I needed to go to Cambridge with work so I phoned Emma well in advance to see if I could stay over. I left several phone messages and sent texts (in a time before social media) but got no answer. I reluctantly rang her at work just in case she’d changed her mobile and not told me. The person who answered the phone, after tracking Emma down, came back on the line and said, “Emma’s in a meeting, but she says she knows what you want, and she’s not interested. Please don’t call again.” And that was that. Friendship over and a valuable lesson learned.

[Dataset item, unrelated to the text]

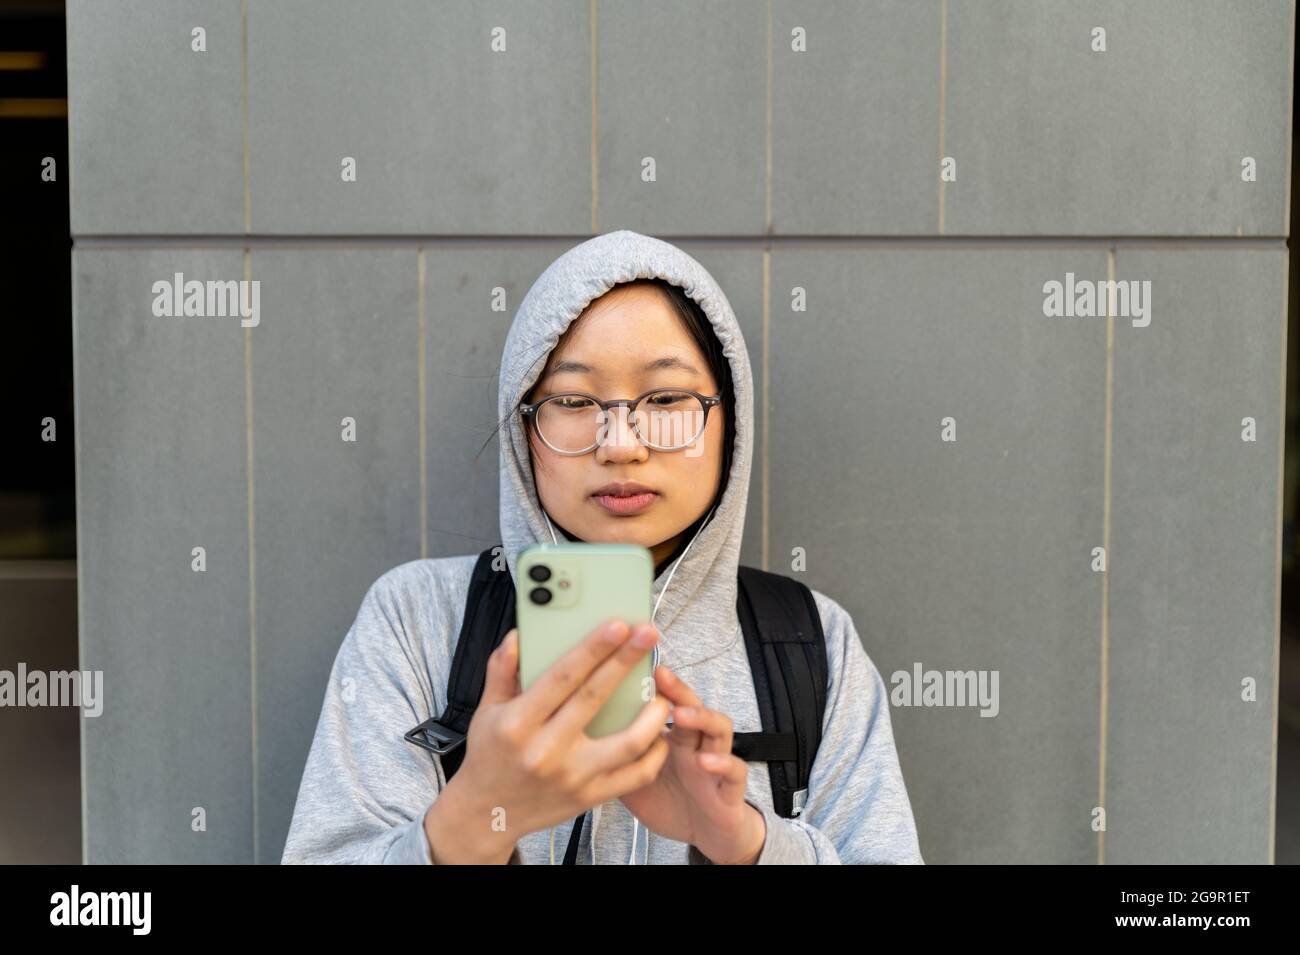 Young Asian adult using cell phone wearing glasses Stock Photo
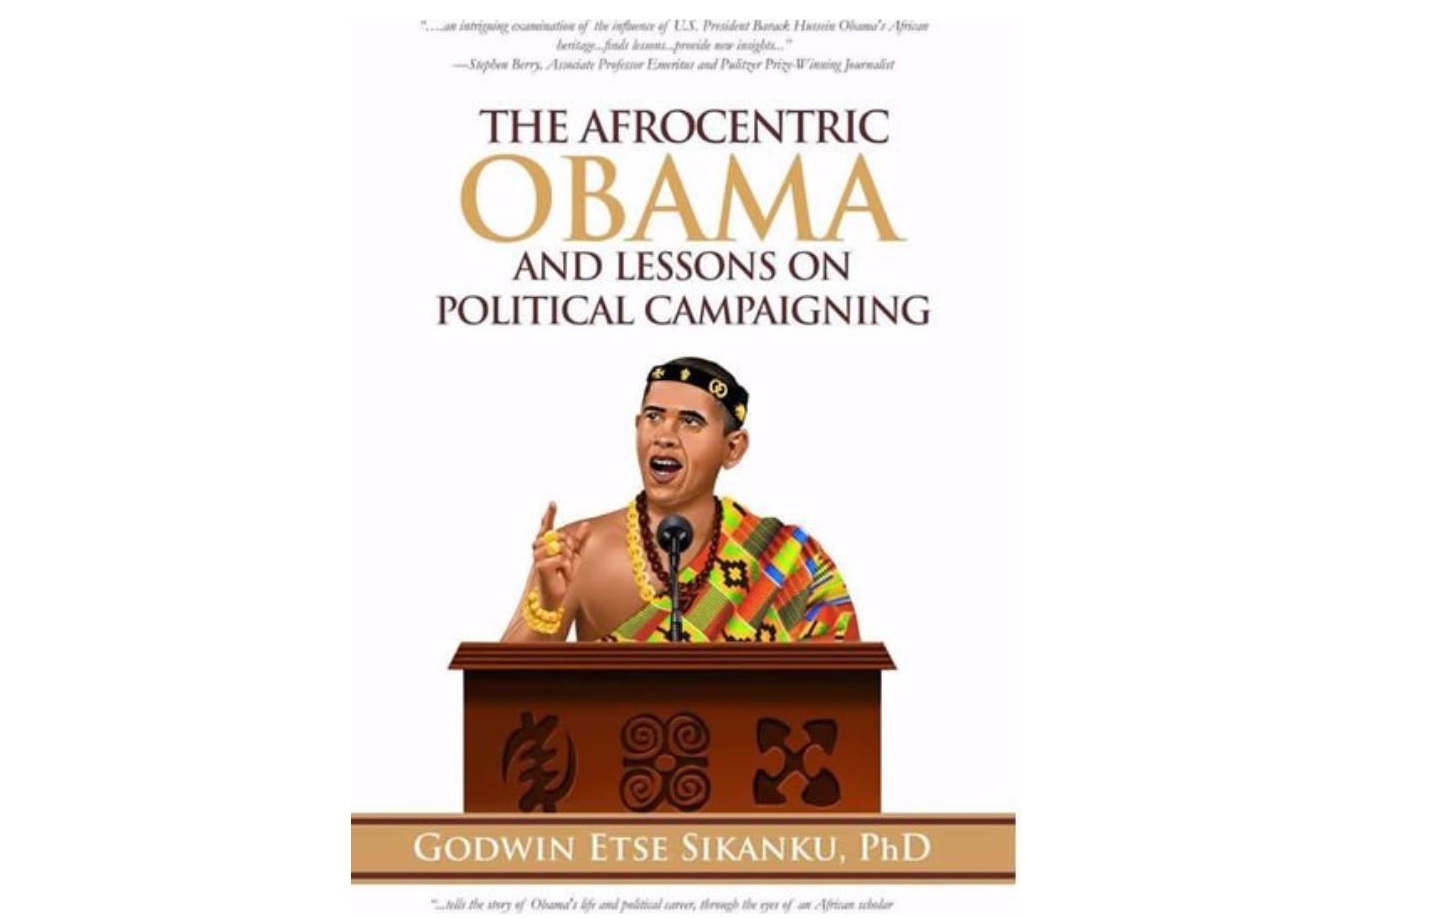 “Afrocentric Obama” book to be launched in Ghana

Ever since then, friendships have fascinated me. When I started writing Searching for Steven, I knew my protagonist, Sarah, was going to have two best friends. The purpose was for them to offer contradictory opinions about the situation in which Sarah found herself. I wanted them to be friends from different points in Sarah’s life I made Elise her best friend since primary school and Clare from her university days. I also wanted them to hate each other. However, as the series developed and the three women were tested in different situations, I wanted the dynamics of the friendship to change with Elise and Clare becoming closer and Sarah finding herself on the outside. In my eyes, this was as important a part of the story as the romances.

I was in the very fortunate position of being offered two publishing deals. They were very different propositions and I was actively in discussion with the publishers who’d made the first offer before the second came through. The publisher hadn’t seen the second and third book, so the three-book deal was made on the strength of book one alone. The offer was on the table, but they asked for a synopsis of the rest of the series and suddenly alarm bells started ringing because, when I told them that I had a friendship theme as well as the romance, they weren’t too keen. They preferred not to have secondary themes and, because my books were a bit longer than they normally went for, they’d prefer that I cut out the friendship theme in order to cut words. Eek! That wasn’t the story I wanted to write. So when the second publishing deal came in and they didn’t want to remove my secondary theme, I went with them instead.

Friendship will remain an important part of my future books too. My fifth full-length novel includes a major friendship betrayal and my sixth one will involve a secret which two friends have kept hidden for years. I haven’t written them yet, though! I just know what they’re about. The friendship in book four is a little different because it’s actually between mother and daughter. I’m really looking forward to exploring that one.

Have a great week and, if you haven’t been in touch with some of your friends for a while, why not pick up the phone or send them an email?